November 4, 2009 / 7:10 AM / 10 years ago

Philips betting on remote healthcare for future

AMSTERDAM (Reuters) - Dutch Philips Electronics is betting it can help doctors monitor patients remotely to keep an aging population healthier and battle rising medical costs.

A man wearing face mask takes a photo using a mobile phone in centre of Lviv, November 1, 2009. REUTERS/Vasily Fedosenko

The hospital equipment maker and the Netherlands’ largest health insurer, Achmea, said on Wednesday they would work together and invest several millions in the next five years in home monitoring healthcare in the Dutch market.

Home monitoring is at the heart of Philips’s home healthcare unit, which reported more than 1 billion euros of revenue in 2008 and is expected to grow at double digit percentage rates in the coming years.

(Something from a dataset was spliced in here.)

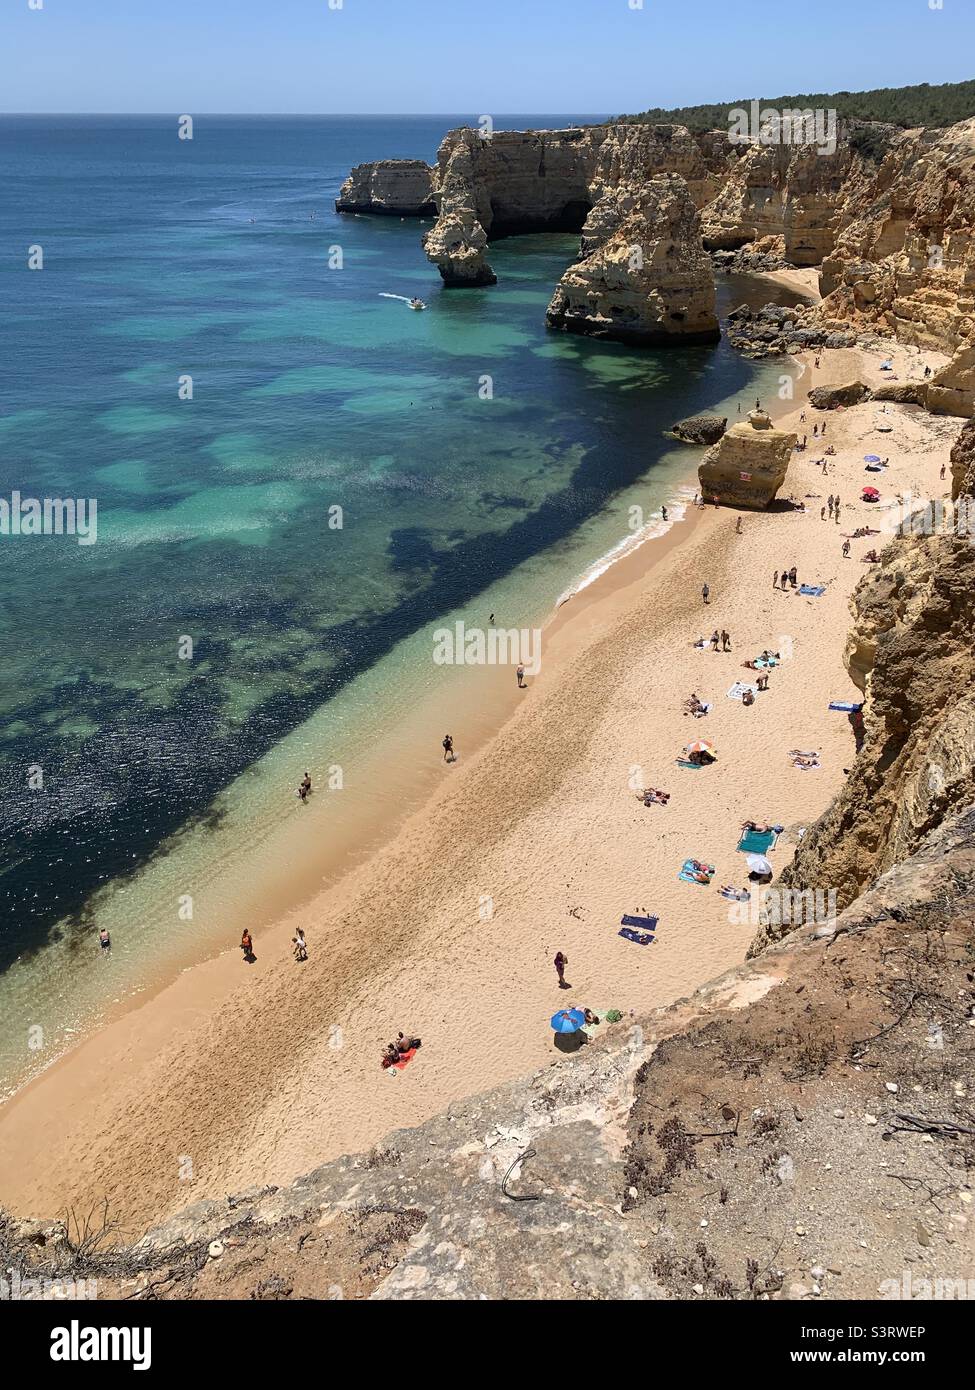 Aerial view of Praia da Marinha Portugal Stock Photo
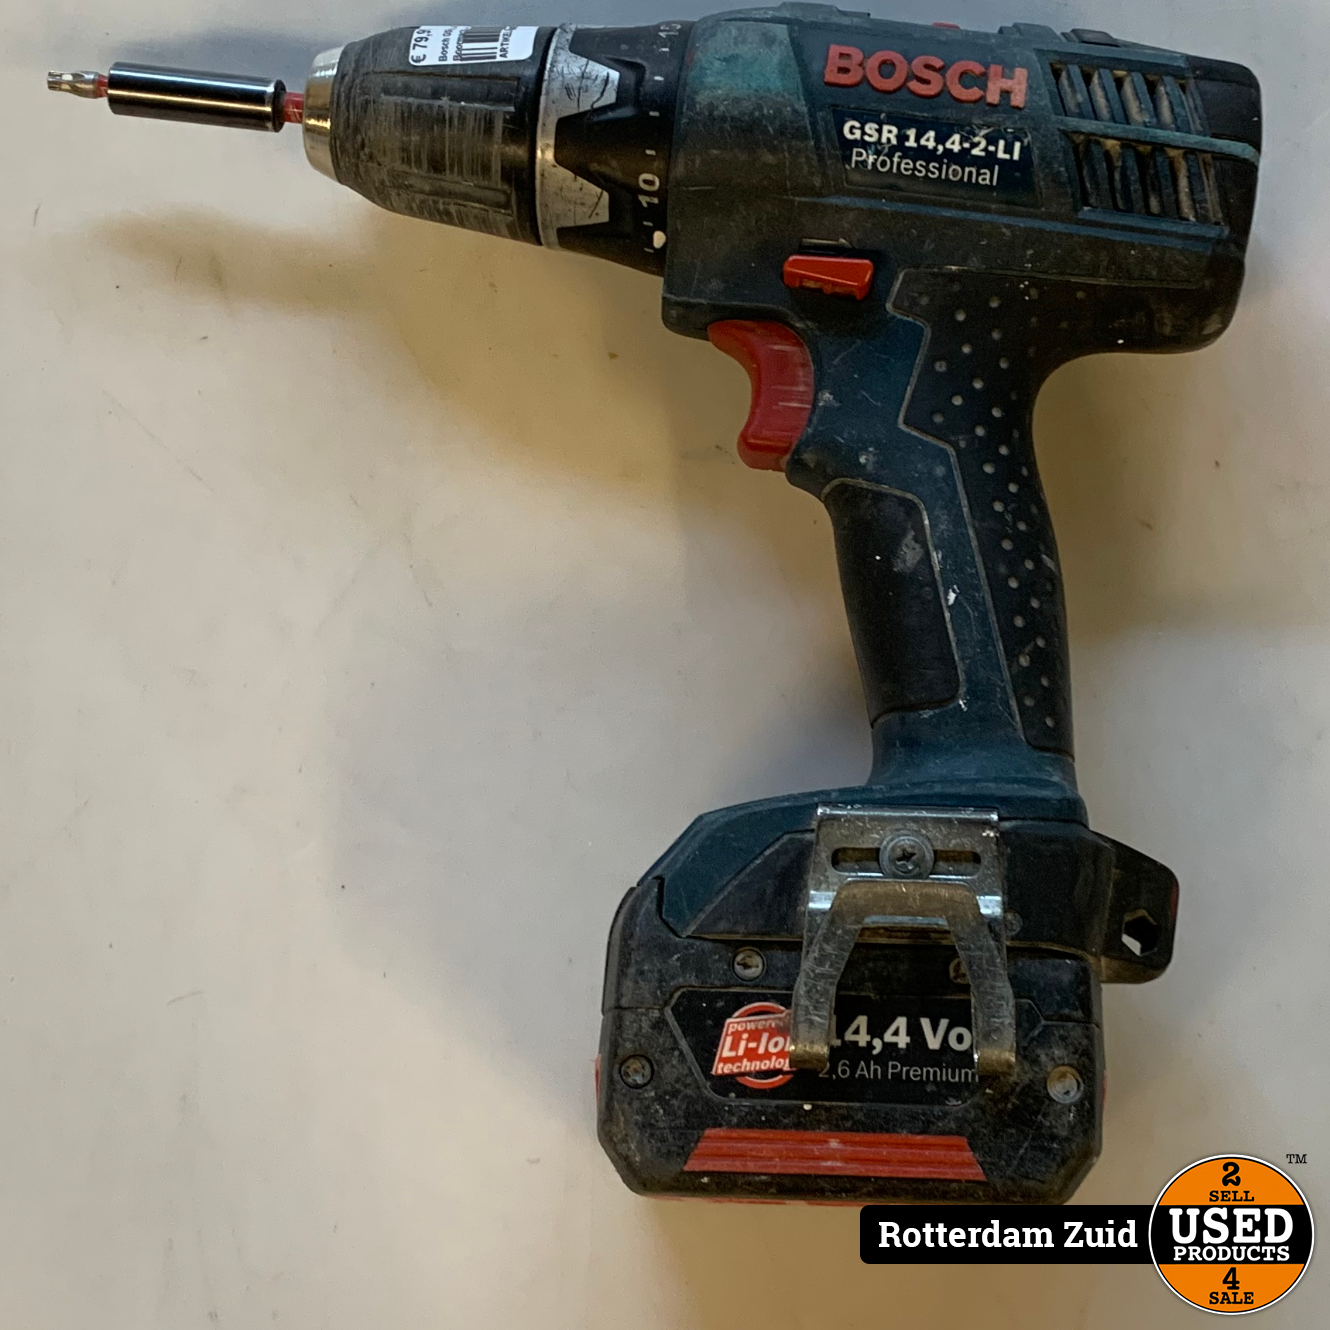 Bosch GSR 14.4 2-LI Boormachine + Accu || met garantie || - Products Rotterdam

The unit provides services and products that help doctors monitor patients’ health remotely but also offers products for people who suffer from respiratory diseases for use at home.

“It is all about expanding care beyond its current boundaries, like the hospital,” Walter van Kuijen, general manager at Philips’ home monitoring healthcare, told Reuters.

Philips estimates the global home healthcare market at about 100 billion euros, of which the company targets about 5 billion euros.

The company considers the deal with Achmea, which has about a 30 percent share of the Dutch health insurance market, as a pilot project that eventually could be rolled out in Europe, saving hospitals millions of euros.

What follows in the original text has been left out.